Parlare di Fausto Coppi con Eddy Merckx fa un certo effetto, soprattutto se il Cannibale si trova a dover fare un confronto diretto con il Campionissimo. L’uomo super del ciclismo mondiale, il corridore più prolifico della storia delle due ruote, l’atleta che dal ’65 al ’78 ha fatto della vittoria il suo principale credo, questa volta non ci sta: «Io più forte di Fausto Coppi? No, non scherziamo. Questi paragoni sono davvero improponibili da fare e soprattutto sbagliati. Ognuno di noi è il più bravo nel proprio periodo. Io penso di essere stato molto bravo nel mio, mentre Coppi lo è stato certamente nel suo».

Ci sono però tanti sportivi che dicono che la grandezza di Coppi è data dal mondo in cui vinceva, dagli avversari che si è trovato ad affrontare e alla guerra che penalizzò gran parte della sua carriera...
«Ognuno può pensarla come vuole e io accetto tutto, meno una cosa però: i miei avversari sono stati davvero grandi. Se la generazione di Coppi è stata molto prolifica, la mia non è stata da meno.

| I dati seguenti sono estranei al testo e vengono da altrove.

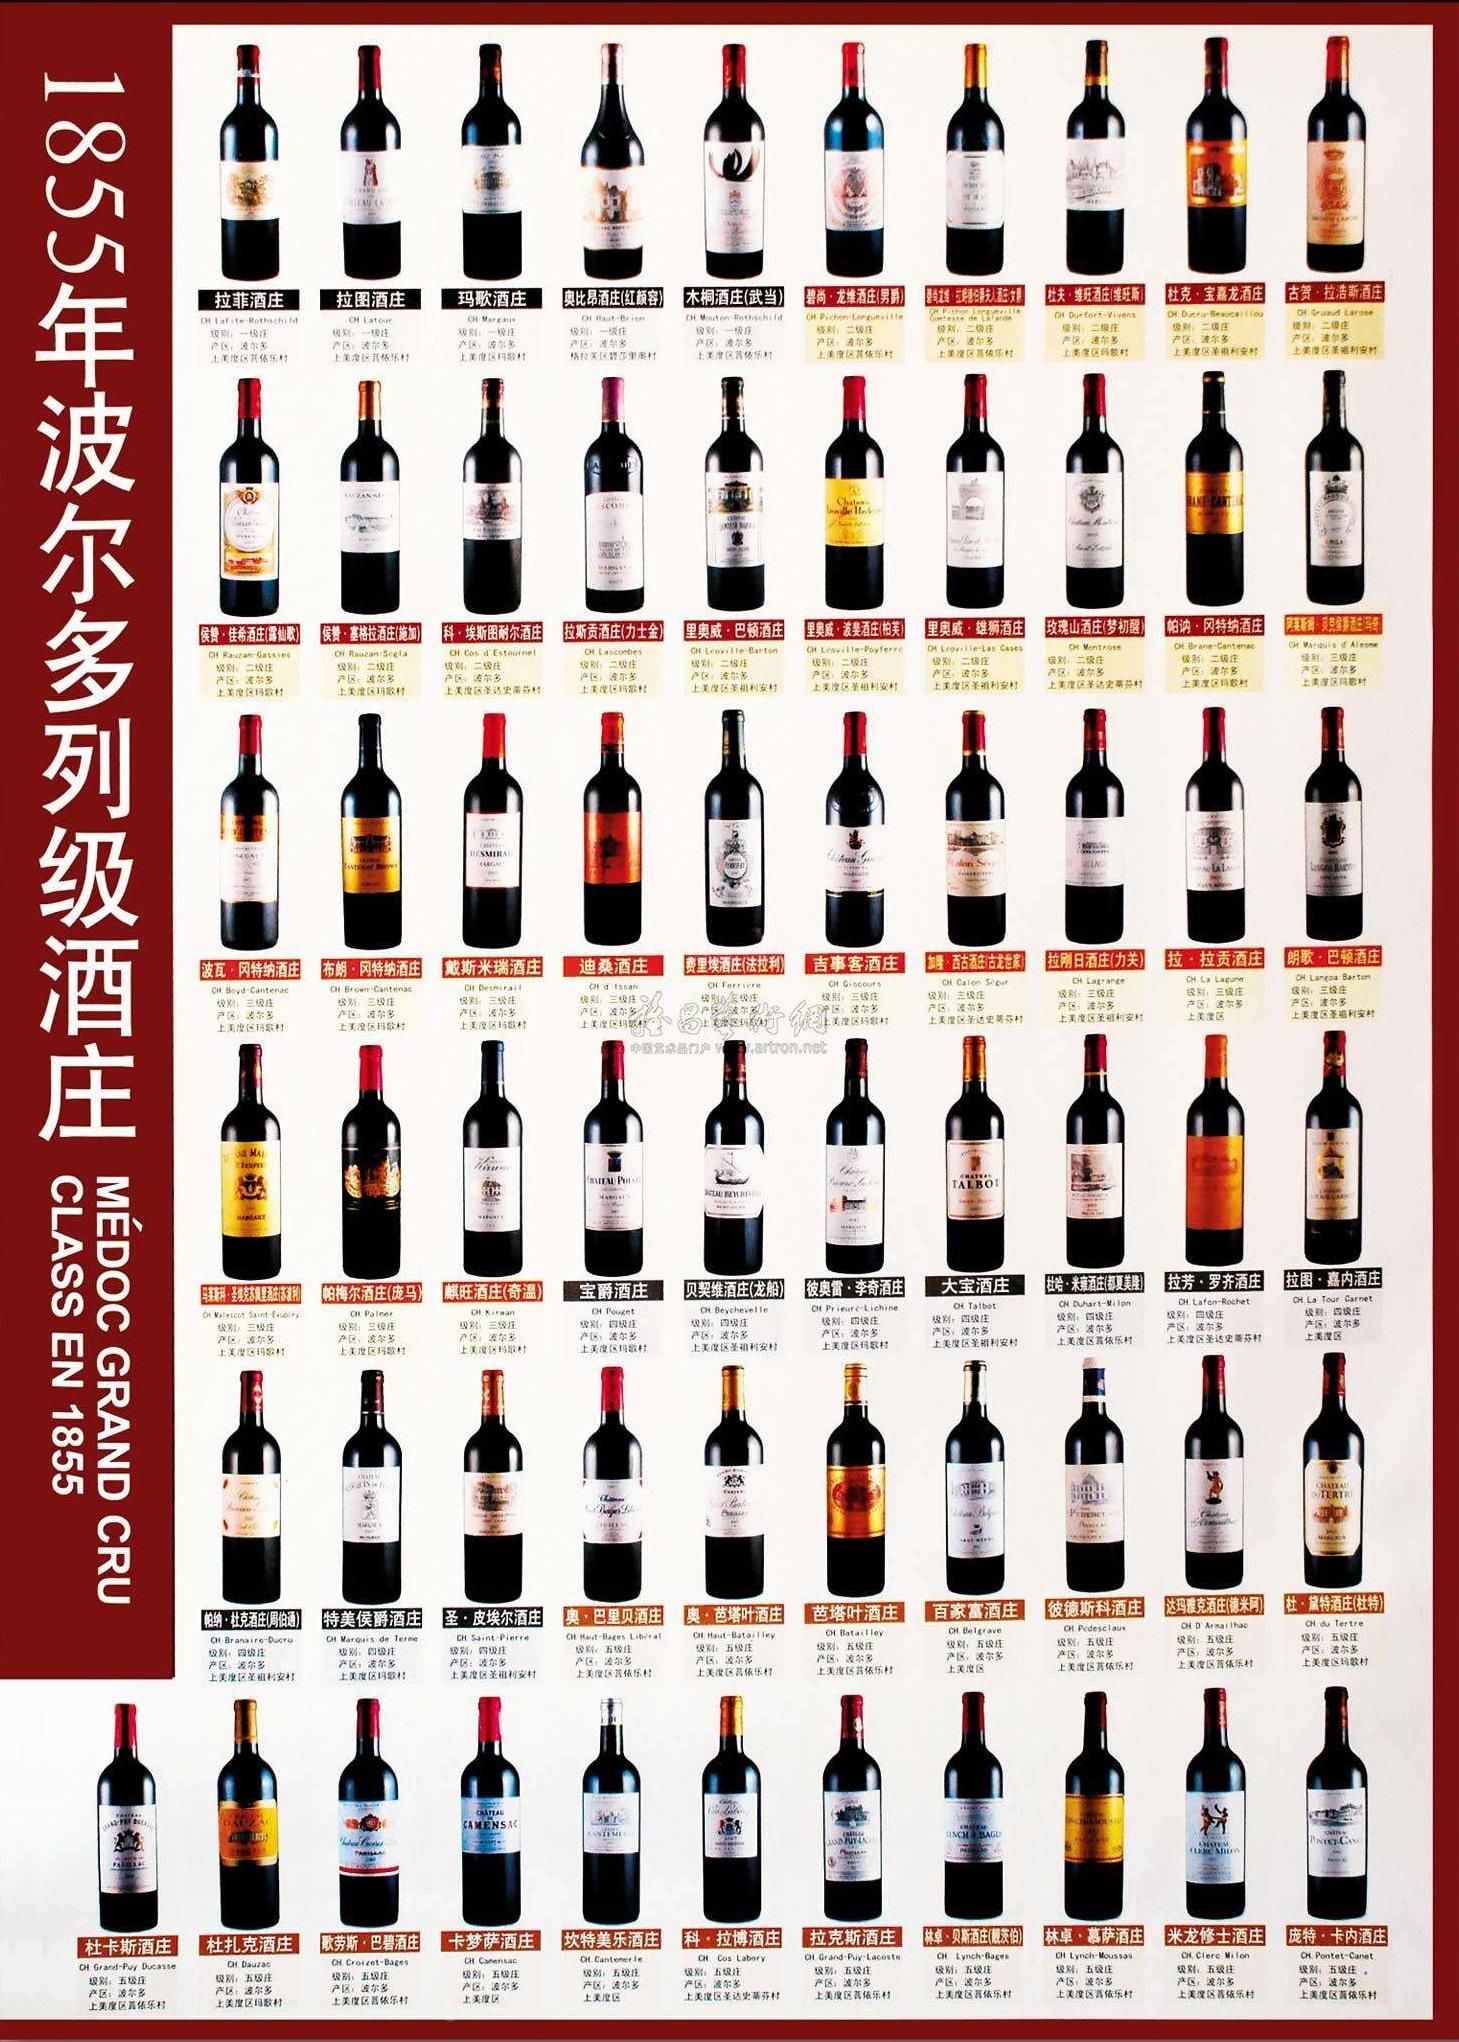 法国葡萄酒酒庄分级_嘬下一口葡萄酒时,你在期待什么?|DT

Coppi ha senz’altro dovuto lottare con Bartali, Magni, Kubler, Koblet, Bobet, Robic, Van Steenbergen, Ockers o Geminiani, ma il sottoscritto si è trovato a duellare con gente del calibro di Gimondi, Poulidor, De Vlaeminck, Ocaña, Thevenet, Zoetemelk, Van Impe, Agostinho, Galdos, per non dire Adorni, Motta, Zilioli e via di questo passo. Coppi vinse alla Coppi. Merckx vinse alla Merckx. La verità è che poi ognuno di noi sceglie con irrazionalità, seguendo il cuore. Coppi probabilmente ha fatto sognare più del sottoscritto. Le vittorie di Coppi sono diventate romanzo, le mie cronaca».

Insomma, lei non si sente più forte di Coppi?
«Io non me la sento di fare questo tipo di confronti. Diciamo che non mi sento inferiore, so di aver fatto grandi cose nel mondo del ciclismo, ma so anche che quello che mi proponete è soprattutto un gioco che piace agli sportivi e che solletica voi giornalisti. Coppi è là in cima, io ho il mio posto, mettetemi dove volete, non spetta a me dirlo. In ogni caso i problemi sorgono non solo se ci si chiede chi sia stato più bravo tra me e Coppi, ma tra il Campionissimo e Bartali».

Ecco, per lei è stato più grande Coppi o Bartali?
«Per me Coppi, ma Bartali è stato un mostro di bravura. E se mi permettete, Fiorenzo Magni, in mezzo a quei due lì, non è stato poi così da buttare via. E di Luison Bobet, che dire? E lo stesso vale per la mia generazione. Se si valutano i numeri, credo che ci sia poco da ragionare, sono lì da vedere: ho vinto come nessun altro. Ma credete davvero che Felice Gimondi sia stato semplicemente il primo dei battuti? No, Felice è stato molto più grande di quanto voi italiani pensiate. So solo io la fatica che ho dovuto fare per togliermelo di ruota, anche se quando lo incontro ancora oggi Felice mi dice scherzoso: “mi hai fatto sputare il sangue, non mi sono ripreso ancora adesso”».

Del ciclismo di Coppi cosa la colpisce?
«Le strade, l’audacia, l’epica, che il mio ciclismo non ha mai avuto, per via della tivù che ha cominciato a far vedere le corse e le immagini, si sa, atrofizzano la fantasia.

Coppi però, anche da pareri qualificati, ha avuto anche il grande merito di traghettare il ciclismo verso la modernità. E poi giratela come volete, ma la grandezza di Coppi sta tutta nella sua assenza. Uno come Coppi manca». Almeno da cinquant’anni.